A simple question, yet it was as if he’d unlocked a hidden door. She felt her heart shudder as the memories escaped and raced to the light of day for the first time in six years.
“The doctor said it wasn’t uncommon to lose a baby in the first few weeks of pregnancy, especially for a young woman. He said there was probably something wrong with it and that was nature’s way of making things right.” She blinked to hold back tears, but still they spilled over onto her cheeks. “I was so upset when you left that I locked myself in my room at my parents’ house and cried for nearly two weeks. I’ve always wondered if our child couldn’t stand the thought of a mother who was so sad all the time.”
“So you take responsibility for what happened?”
She nodded.
“I see.” He cupped her cheek. “Perhaps our child didn’t want a father who disappeared without word.”
“You had nothing to do with me losing the baby.”
“Neither did you.” His dark gaze locked on her face. “So that is why you refused to see me. You were too upset.”
She nodded. “That’s a part of it. I was ashamed, too. And scared. I thought you’d be so angry with me.”
He wrapped his arms around her and drew her closer until she rested on top of him and they could kiss. He brushed his mouth against hers. “Never. With the wisdom of hindsight I know that I shouldn’t have left you behind when my aunt died. I should have brought you with me.”
“I’m not sure that would have helped. I couldn’t have handled the situation, or you. Not then.”
One corner of his mouth turned up. “You think you can handle me now?”
“Yes.”
“What makes you so sure?”
This was, as her father would say, where the rubber met the road. How willing was she to risk everything and lay it on the line?
“Because before I didn’t know why you’d married me. I was young and scared and too inexperienced to know how to please a man. Everything is different now.”
The humor disappeared as if it had never been. He started to sit up. Emma pushed on his shoulders, trying desperately to hold him in place.
“Reyhan, don’t. We have to talk about it.”
“There is nothing to say.”
“I think we could talk for a lifetime and never say all the things we missed by being apart. Reyhan, why didn’t you ever tell me you loved me?”
He grasped her by the waist and slid her aside, then sat up. That simple action warned her he was already slipping away.

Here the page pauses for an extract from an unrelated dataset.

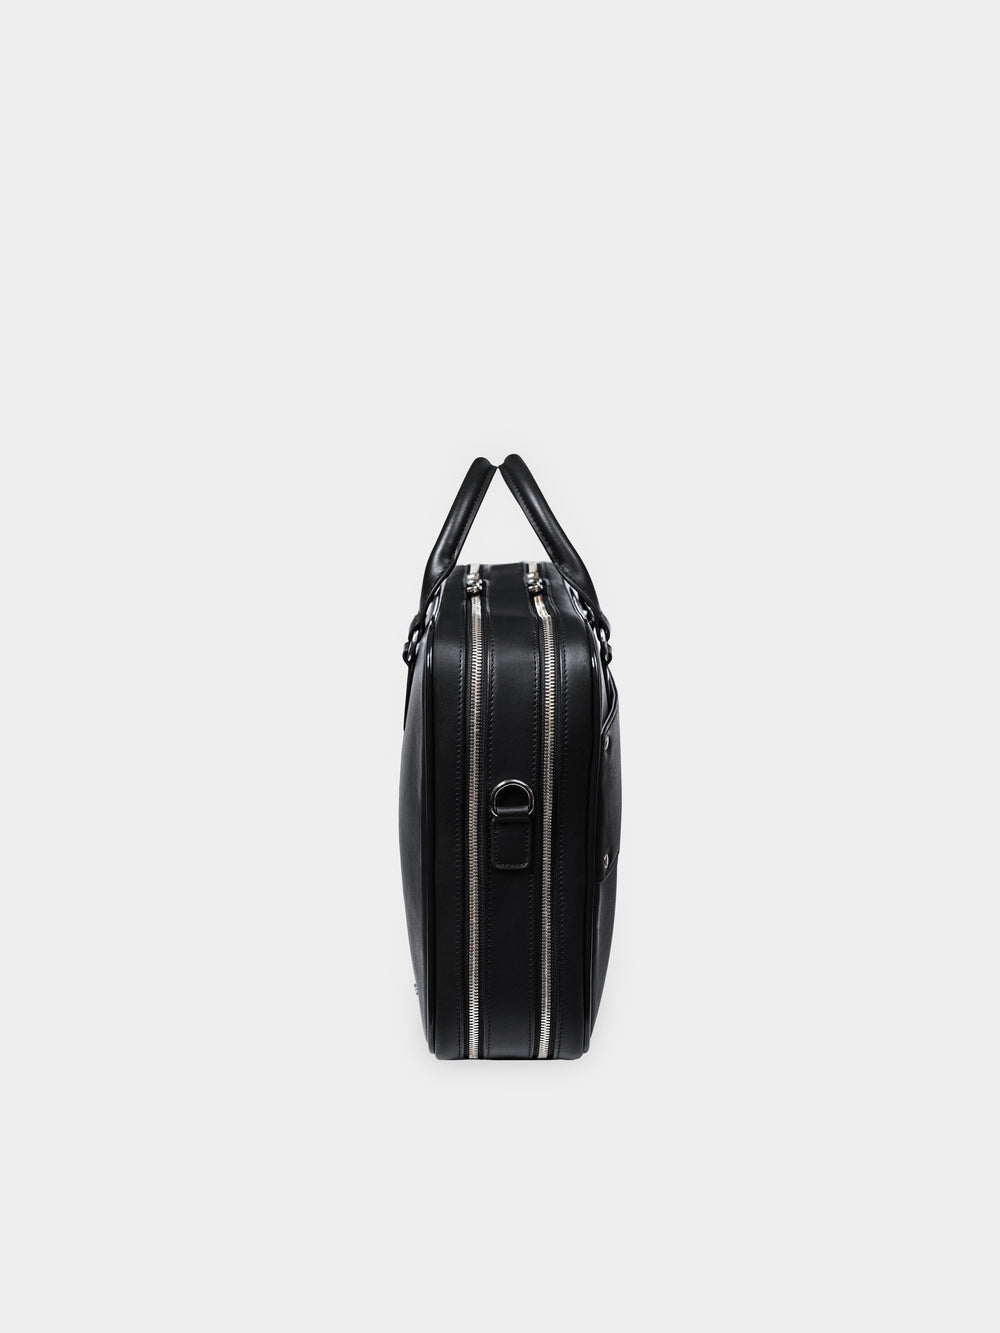 Louis Vuitton Black Backpacks, Bags & Briefcases for Men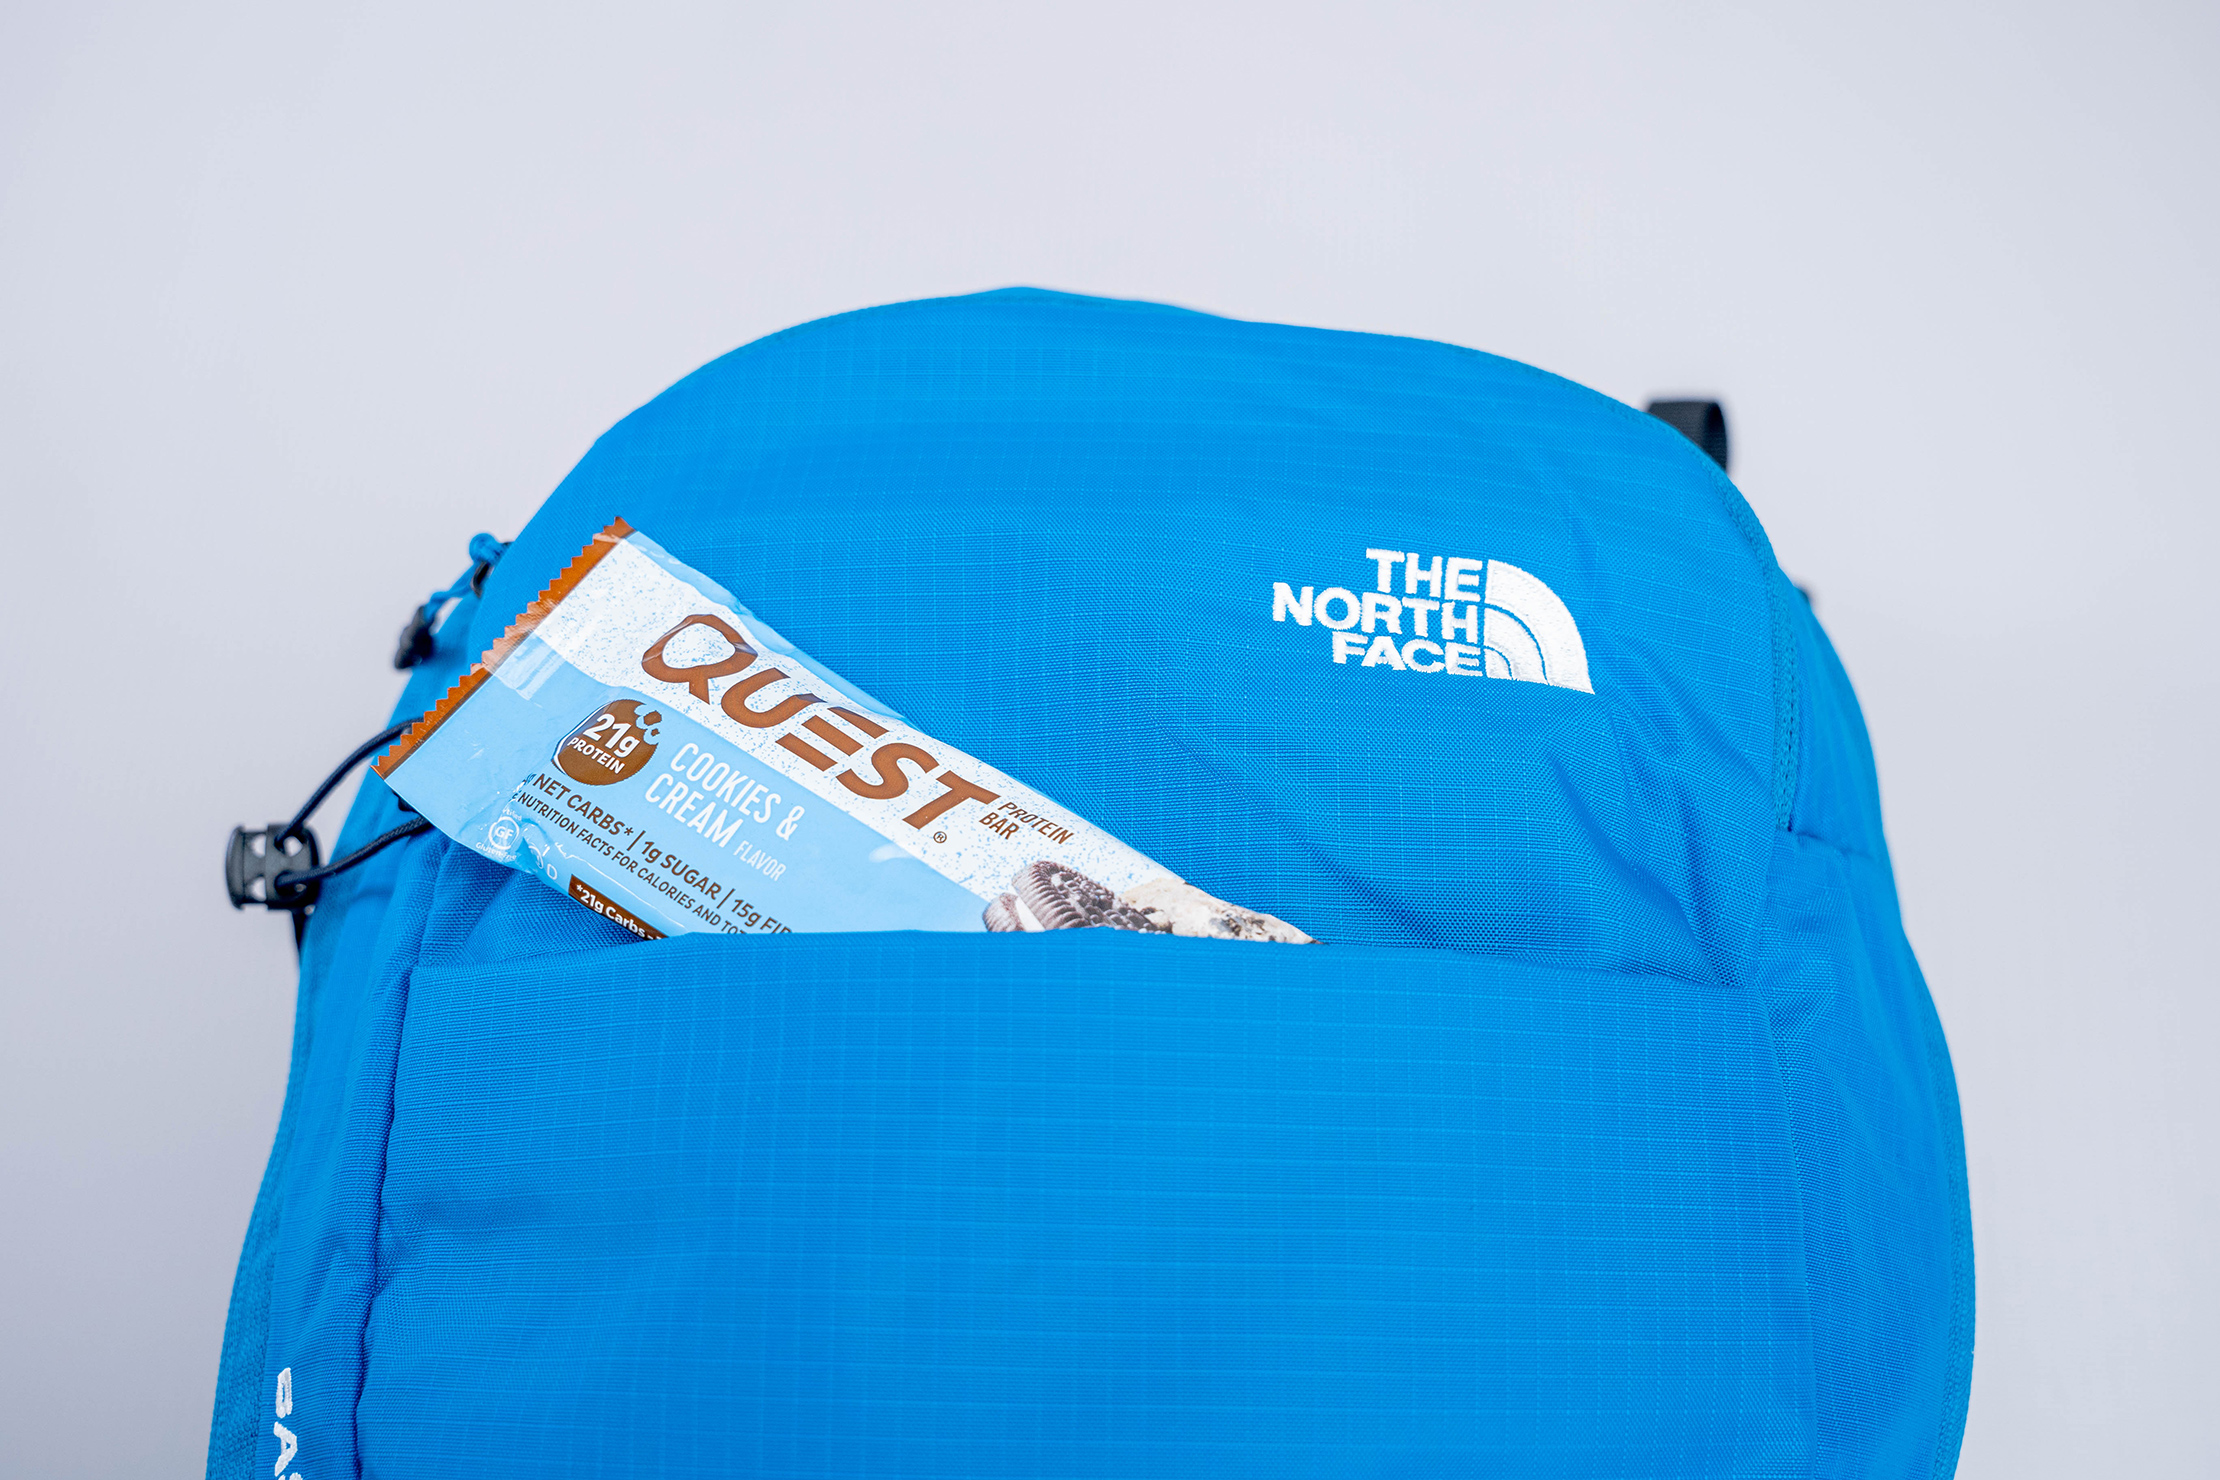 The North Face Basin 18 Backpack Front Pocket

“Why is it such a horrible thing to admit?” she asked desperately. “Is it
because I was so immature? I know I couldn’t be a partner for you then, but things are different now. We’re both different. You loved me then. Couldn’t you care a little for me now?”
He didn’t speak, didn’t move. She wasn’t sure he was even breathing.
Frightened, and not sure how to convince him, mostly because she didn’t understand what she was fighting against, she tried to speak from the heart.
“I don’t know what I felt back then. I was a kid. I keep saying that but it’s true. I had a fantasy about love and marriage and what my husband would be like.
You rescued me that very first day and I’m not sure I saw you as a real person.
You were more like a superhero or something. But now I can see the man and he’s a good and honorable person.”
She leaned against Reyhan’s back and wrapped her arms around his shoulders.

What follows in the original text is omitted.